=== PROMPT ===
From the first line to the last, restate the records word for word, skipping the pictures.

-*-

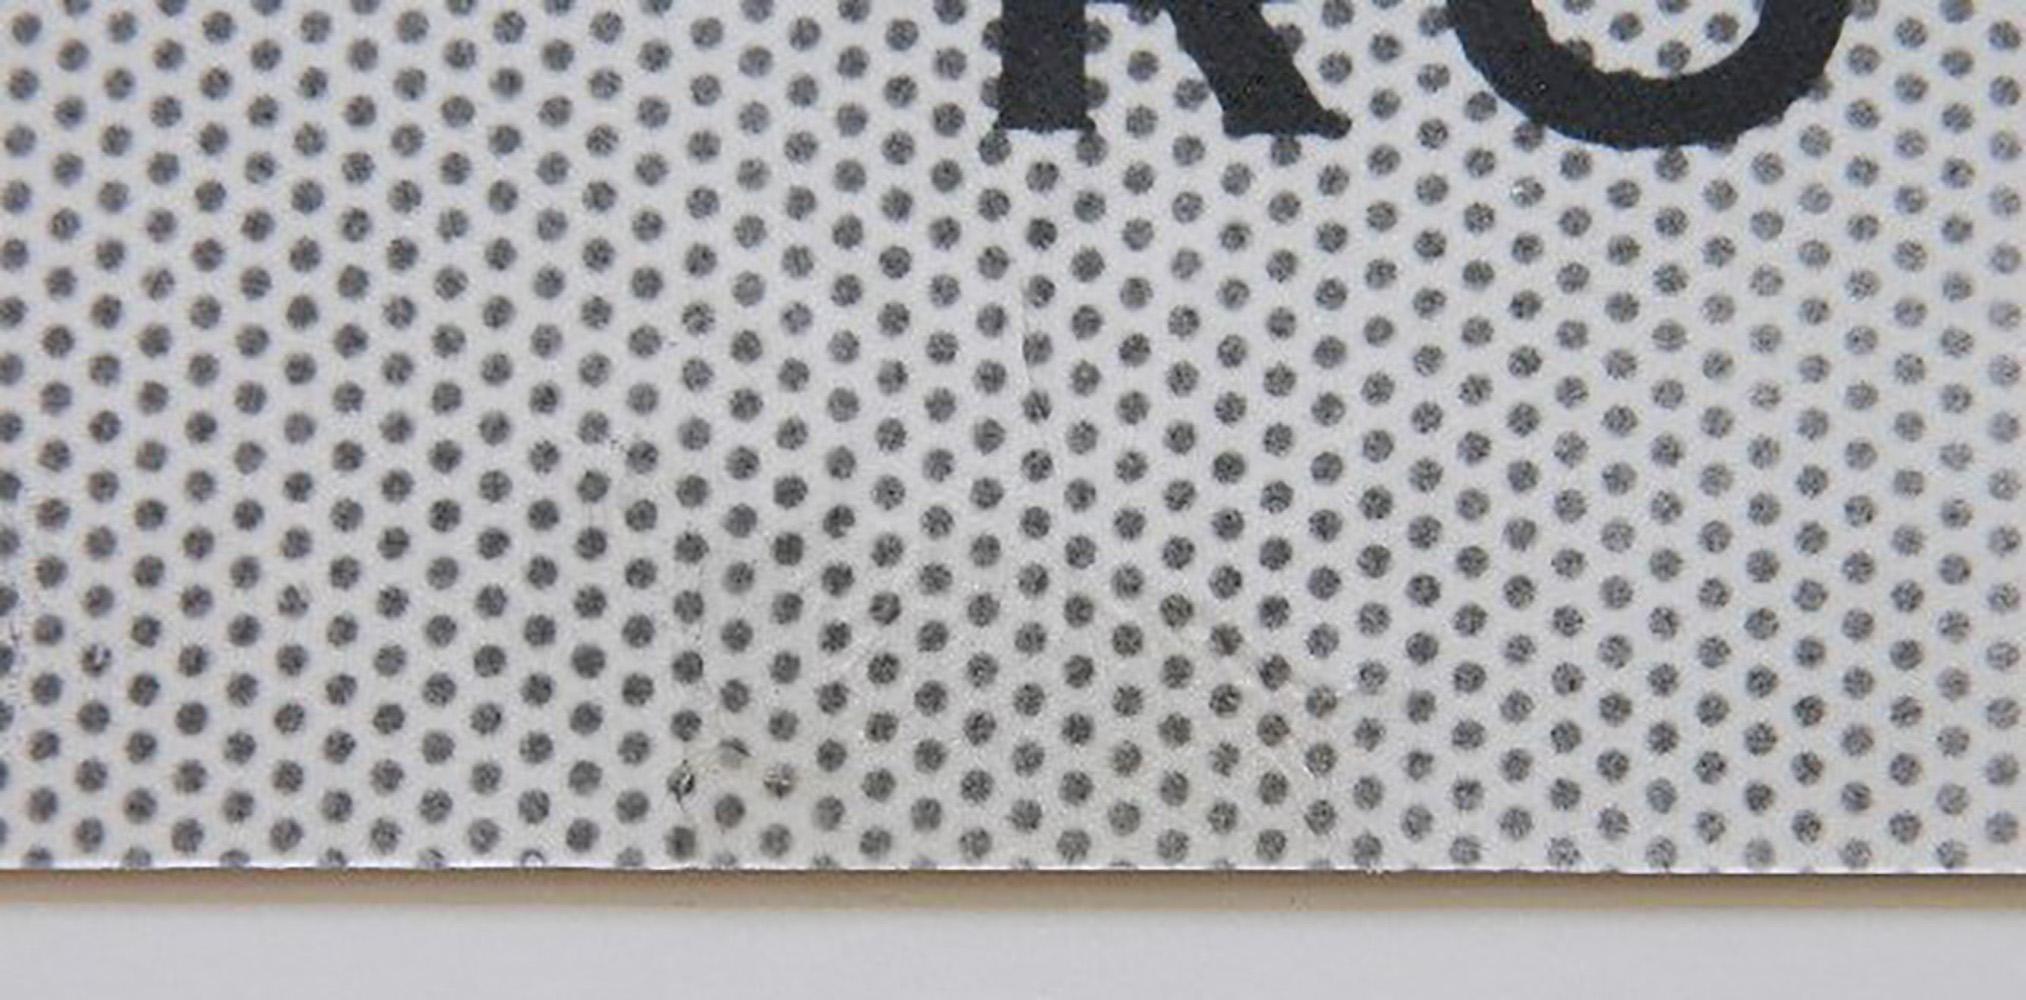 Roy Lichtenstein
Gallery 26 Ausstellungsplakat, 1950
Offset-Lithografie-Poster (auf Karton aufgezogen)
10 1/2 × 31 Zoll
Ungerahmt
Dieses äußerst seltene Plakat/Faltblatt ist eine Werbung für Roy Lichtensteins Ausstellung in der Gallery 26 des

-*-

=== RESULT FOR THIS EXERCISE ===
 Roy Lichtenstein
Gallery 26 Ausstellungsplakat, 1950
Offset-Lithografie-Poster (auf Karton aufgezogen)
10 1/2 × 31 Zoll
Ungerahmt
Dieses äußerst seltene Plakat/Faltblatt ist eine Werbung für Roy Lichtensteins Ausstellung in der Gallery 26 des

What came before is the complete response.